Die gestärkte schneeweiße Stoffserviette? "Nein, wir stellen um auf Papierservietten." Das Büffet fällt ebenfalls aus, alles wird an den Tisch getragen - von Personal, das Mund-Nase-Schutz und Plastikhandschuhe trägt. Das Bezahlen? "Entweder kommt das Bargeld in eine Schachtel oder der Gast zahlt kontaktlos mit Karte." Die Navigation: am Haupteingang rein, raus durch die Nebentür. "Damit sich die Gäste nicht begegnen können", so Schriever.
"Mit einem Ansturm rechne ich nicht, die Leute sind verängstigt"
Lauter Vorschriften, Auflagen, Regeln: Aber wird der Gast überhaupt den Weg in die Restaurants finden, da so viel Virusschutz für einen faden Beigeschmack sorgen könnte? "Mit einem Ansturm rechne ich nicht, die Leute sind verängstigt", bleibt Schriever realistisch. Sein Rüttenscheider Kollege pflichtet ihm bei. "Die Leute werden immer noch vorsichtig sein", sagt Mathis. Er habe zwar Reservierungen für die nächste Woche, allerdings sei die Nachfrage verhalten.

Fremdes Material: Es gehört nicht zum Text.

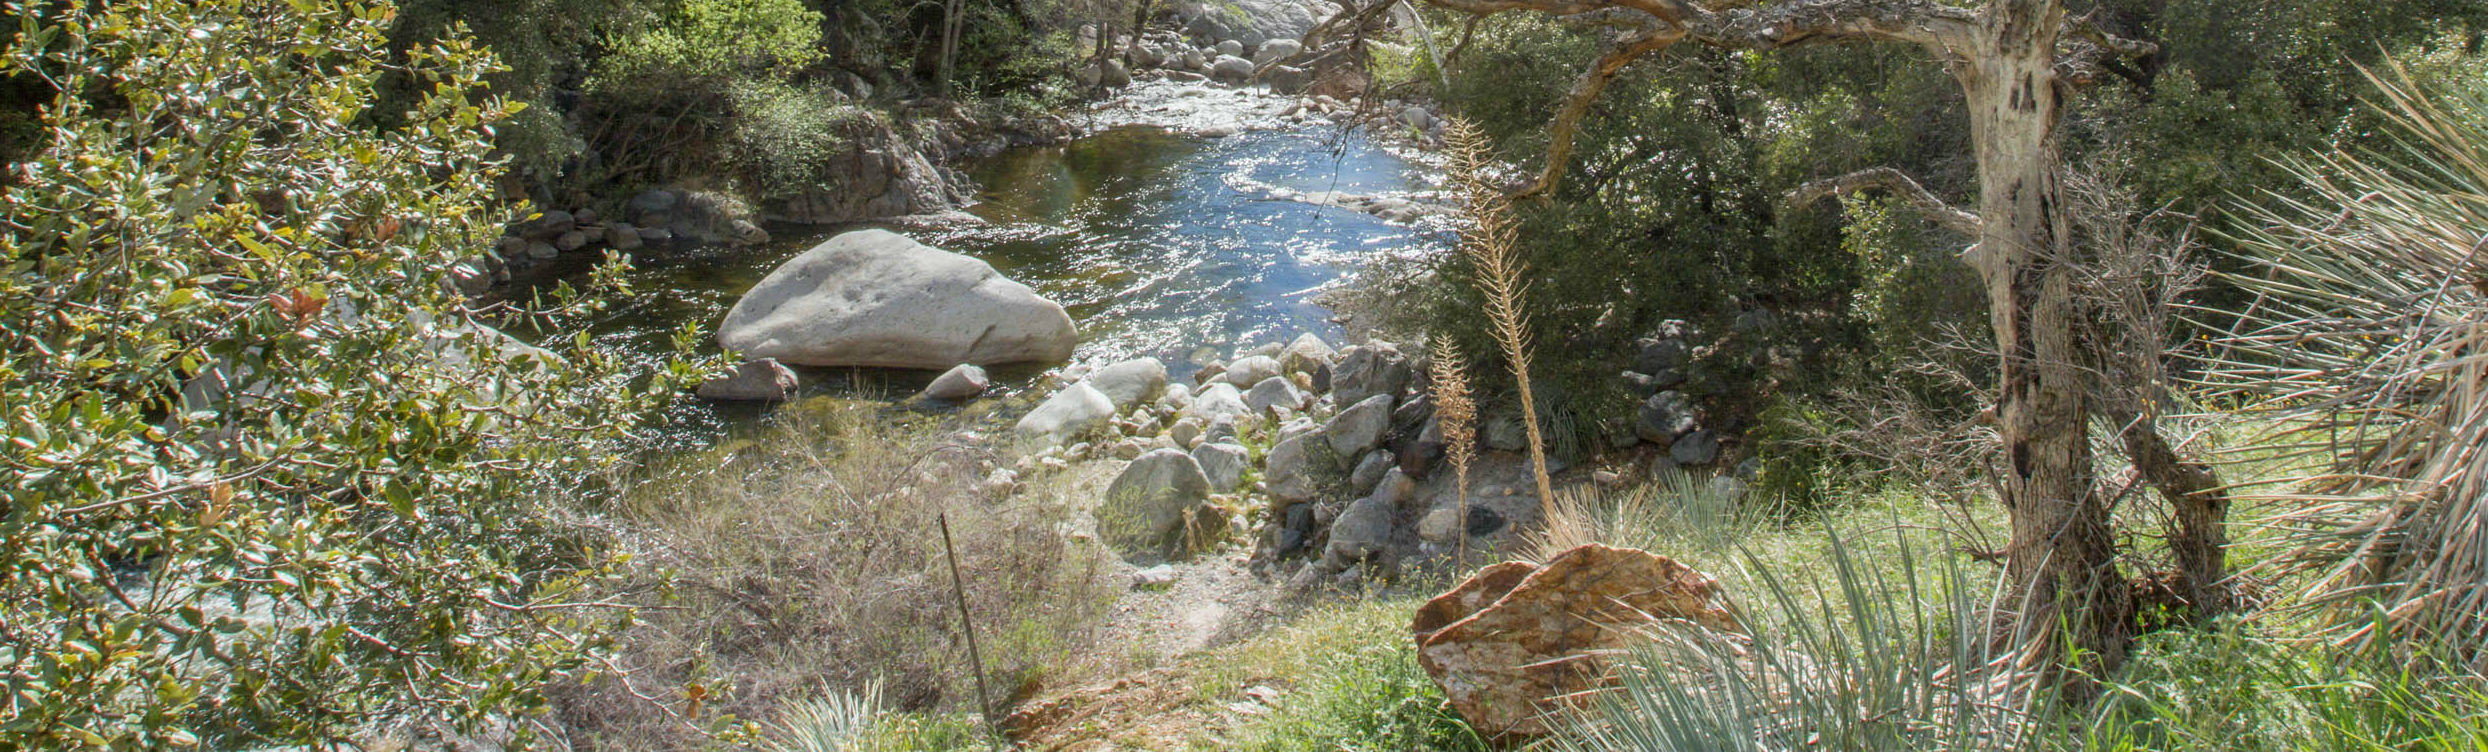 A stream in the foothills of Sequoia National Park.

Im Sengelmannshof berichten sie allerdings auch von Herz erwärmenden Gesten, die Mut machen. Etwa von dem Stammgast, der mitten im Lockdown einen Geschenk-Gutschein über 300 Euro kauft. Oder von dem Essener Unternehmer, der seine fleißigen Mitarbeiter reichlich mit Restaurant-Gutscheinen belohnt.
Mitten im Lockdown kaufen Stammgäste Geschenk-Gutscheine
Am insgesamt trüben Gesamtbild vermögen selbst solche netten Gesten vorerst nichts zu ändern. "Das Jahr 2020 ist eigentlich gelaufen", sagt Schriever, und fügt trotzig hinzu: "Aber wir wollen überleben." Jean-Edourd Mathis vermisst schmerzlich die Gäste, die die vielen Messen nach Rüttenscheid locken. Und die Unternehmensberater von Eon und RWE, die die Rü bevölkerten. Dem Sengelmannshof entgehen - wegen der Nähe - obendrein die Messebesucher aus Düsseldorf. Hochzeiten und runde Geburtstage, Kommunion und Tagungen - die sind bis weit in den Herbst abgesagt. Verluste, die bis Ende des Jahres nie und nimmer aufgefangen werden können.
Sengelmannshof und Tatort öffnen nicht sofort am Montag, sondern erst Mittwoch. Manche Restaurants, so Mathis, würden gar nicht öffnen: "Die sagen sich: Warum soll ich öffnen, wenn sowieso feststeht, dass ich Verluste mache?". Der gebürtige Franzose, der seit 33 Jahren in Deutschland lebt, ist stolz auf dieses Land, weil es Unternehmer und Beschäftigten in der Corona-Not tatkräftig unterstütze. "Diese Hilfen gibt es sonst nirgendwo, nicht in Frankreich, nicht in Italien, nicht in den USA." Aber alle wissen: Einige Kollegen werden die Krise nicht überstehen.
Mitleid oder gar Solidarität erwartet hingegen keiner von seinen Gästen. Reinhard Schriever weiß, was besser schmecken könnte. "Ich setze preiswerte Gerichte auf die Karte."